How to find all solutions to the SUBSET-SUM problem

A dynamic programming solution that works for negative, positive, and repeating numbers

The SUBSET-SUM problem involves determining whether or not a subset from a list of integers can sum to a target value. For example, consider the list of nums = [1, 2, 3, 4]. If the target = 7, there are two subsets that achieve this sum: {3, 4} and {1, 2, 4}. If target = 11, there are no solutions.

In general, determining if there are even any solutions to SUBSET-SUM is NP-hard: if there are n integers in the nums list, there exist 2^n — 1 subsets that need to be checked (excluding the empty set). In this article, we are going to look at a more efficient solving method using dynamic programming (DP). However, unlike most tutorials, not only will we determine if there exists a solution, we will see how to discover all solutions. The algorithm works for negative and positive input values, as well as repeating non-unique integers in nums.

TLDR; Python package 🐍

Looking for a quick solution and don’t necessarily want to know the underlying details? I’ve created a Python package called “subsetsum” with a super-fast solver: pip install subsetsum

The logic of the solver is implemented in C++ and uses Pybind11 to expose a Python interface.

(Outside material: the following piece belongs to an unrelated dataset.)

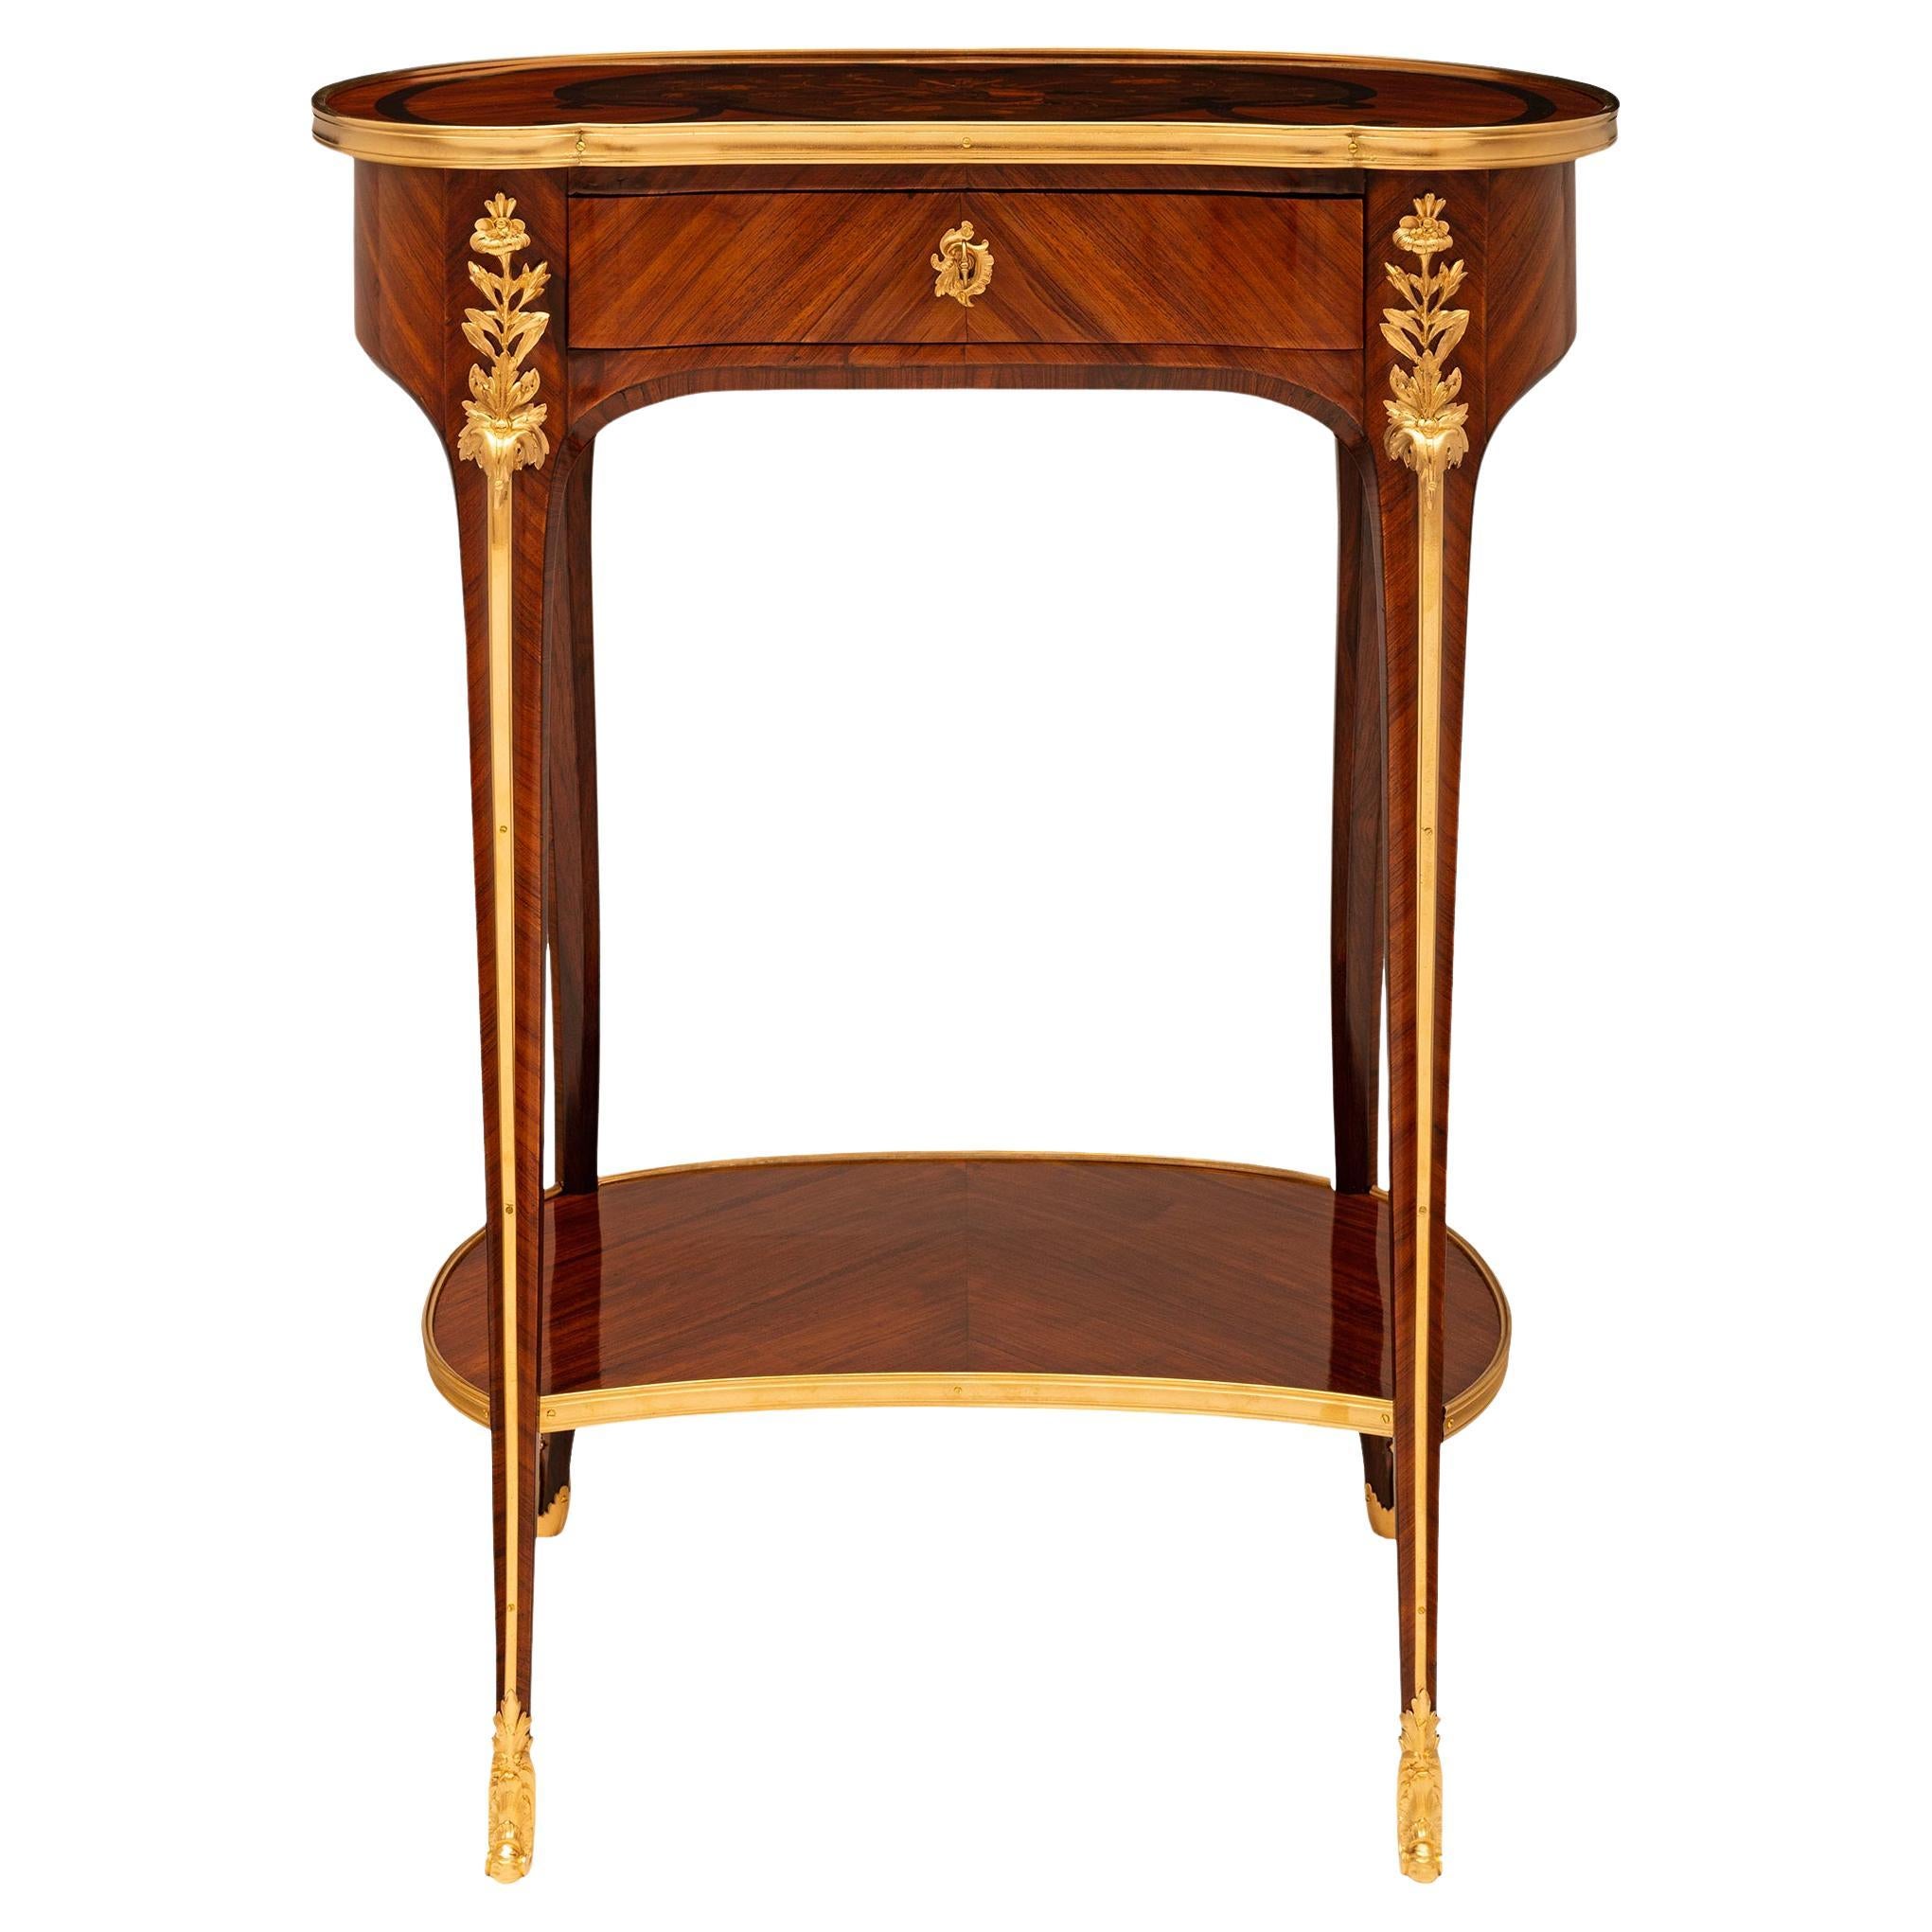 French 19th century Louis XV st. Kingwood, Tulipwood, and Ormolu side table
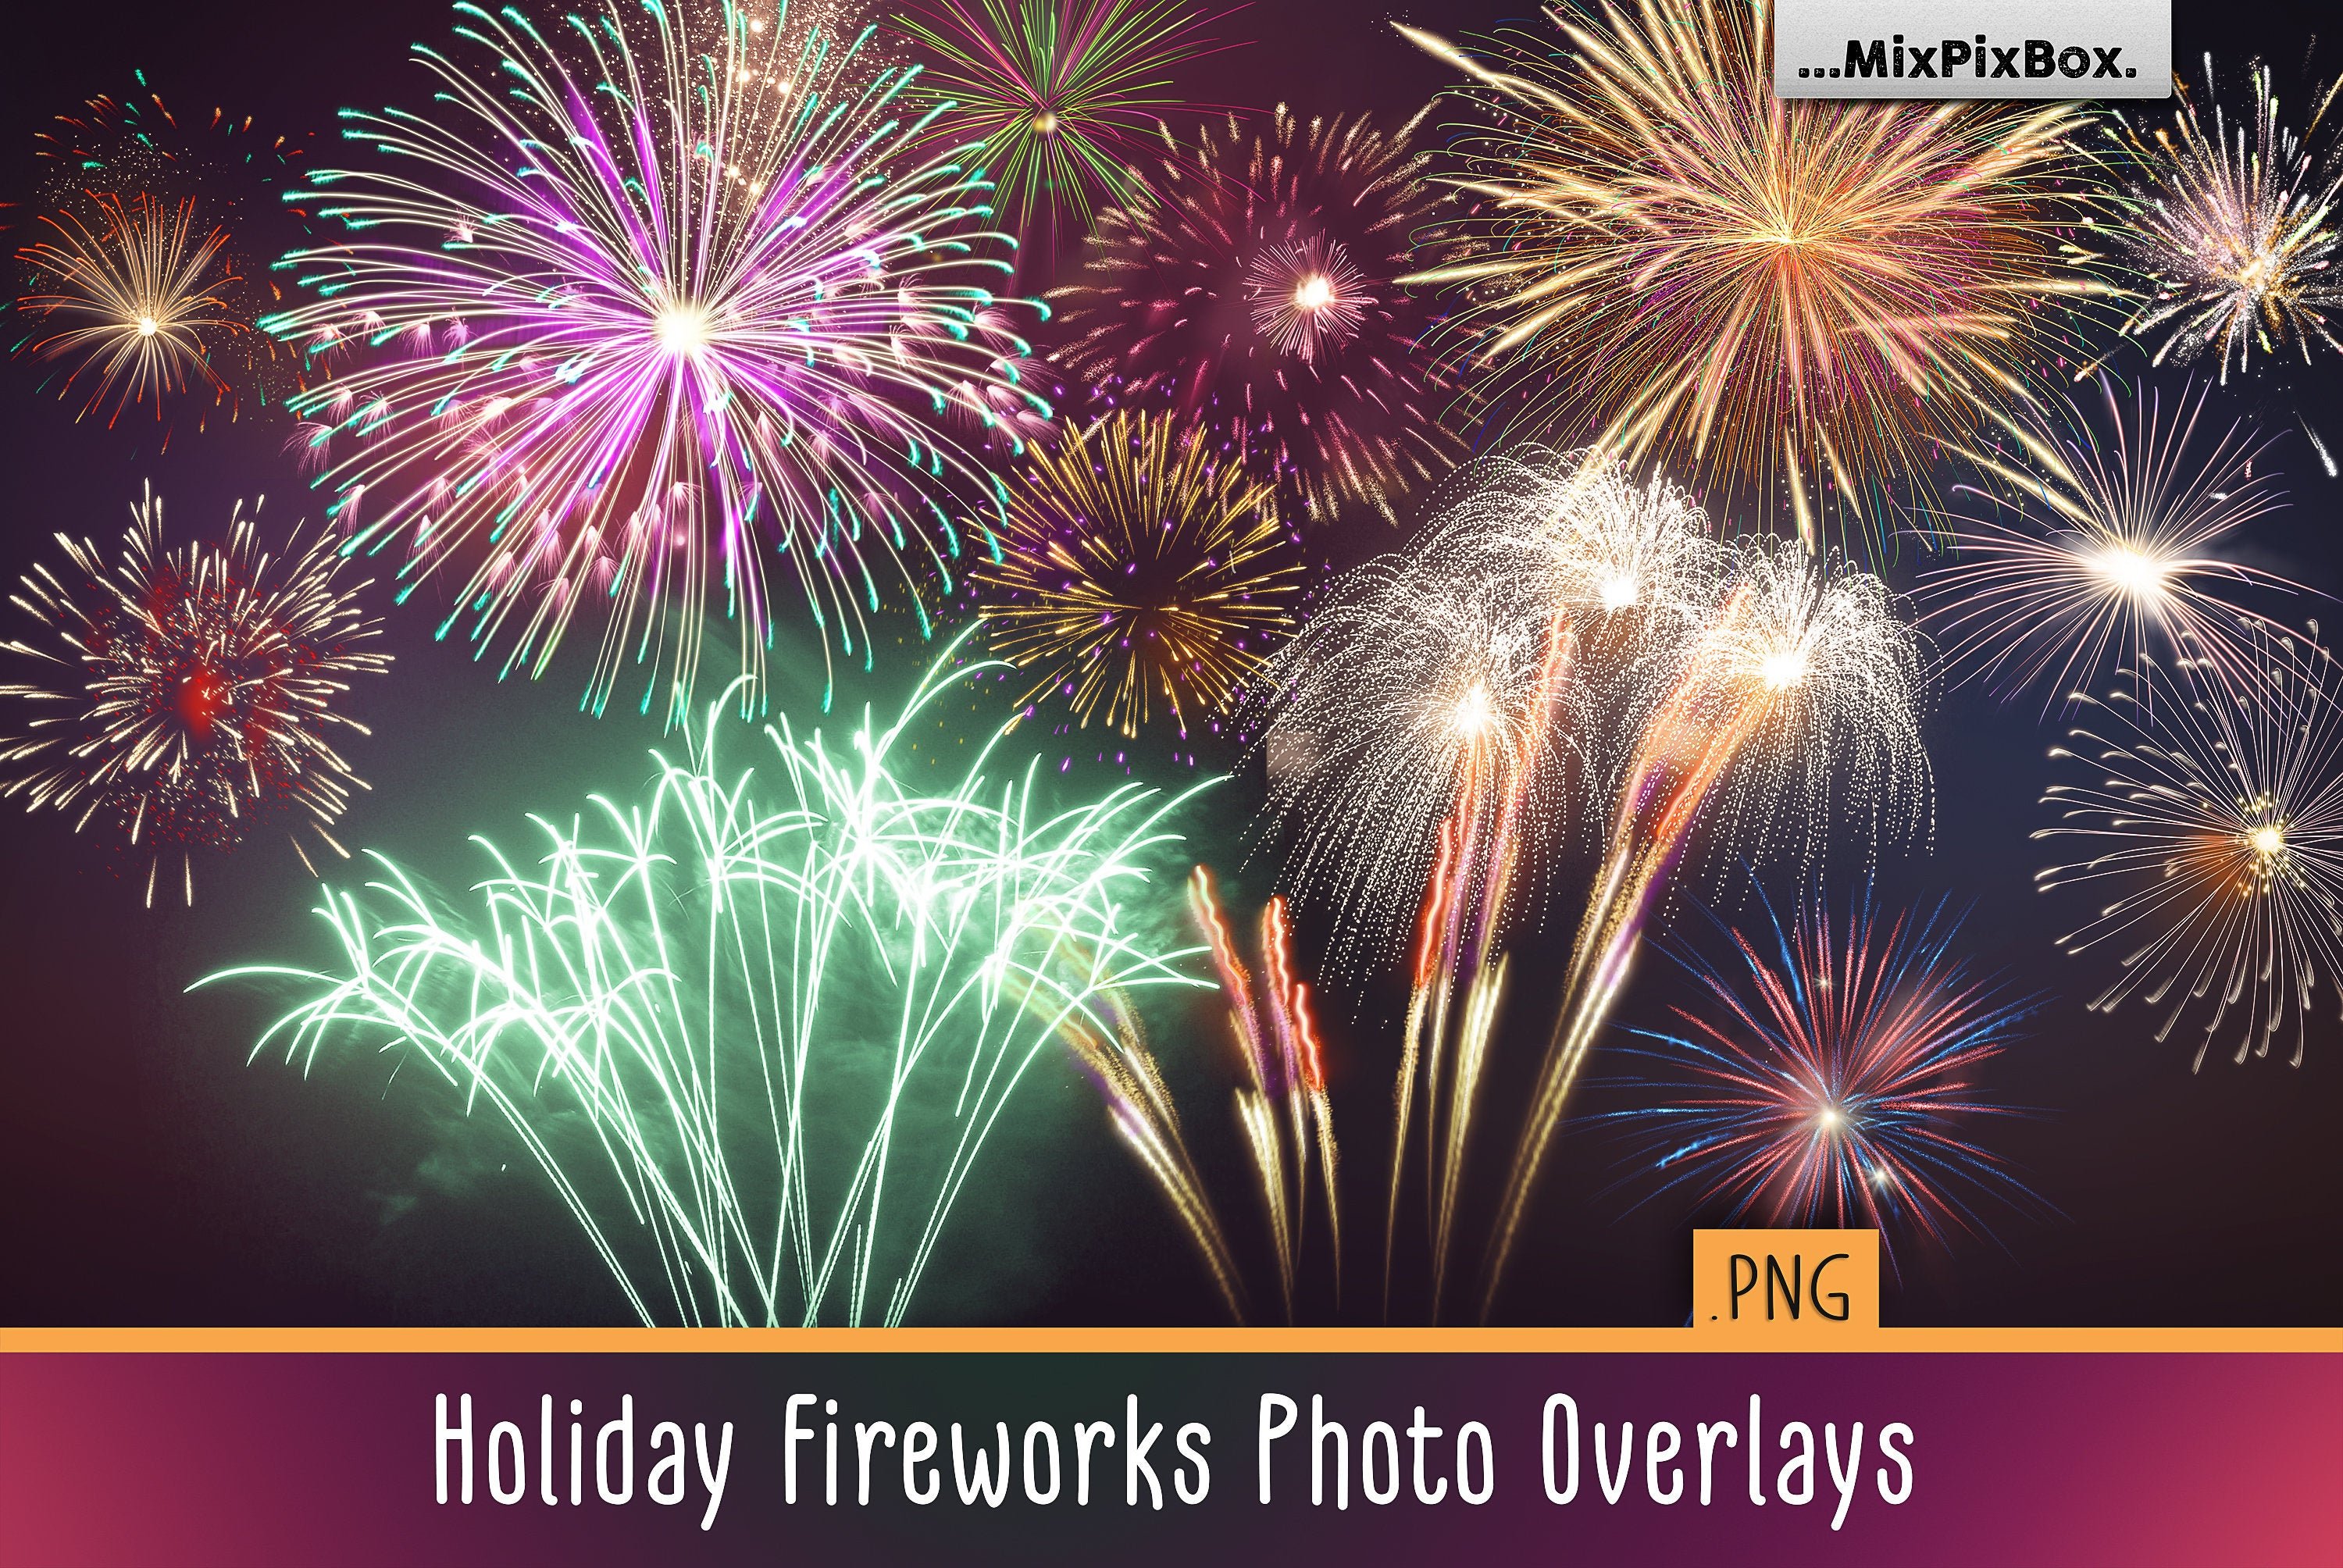 Holiday Fireworks Photo Overlayscover image.

Source code is available on GitHub.

1. Pre-processing

Before going into the DP solution, we will apply some pre-processing to the problem inputs (nums and target).

Flip the sign 🔄

The first thing we’ll do is flip the sign of all integers in nums as well as the target, if the target is negative. This ensures that our target will always be 0 or greater, which just makes life easier for the whole algorithm! We can do this without worrying, since the solutions before and after flipping the sign are equivalent:

x0 + x1 + ... + x10 = target
# Multiply both sides by -1
-x0 - x1 - ... - x10 = -target
# The equations are equivalent!

Sort the numbers ➡️

The next pre-processing step is to sort nums in ascending order, which is necessary for the DP algorithm to work (described later). If you need to remember the original order of nums, you could perform an argsort which maps from an integer’s current position in the list to its position in the sorted list. Then you can always re-map back to the original position if necessary.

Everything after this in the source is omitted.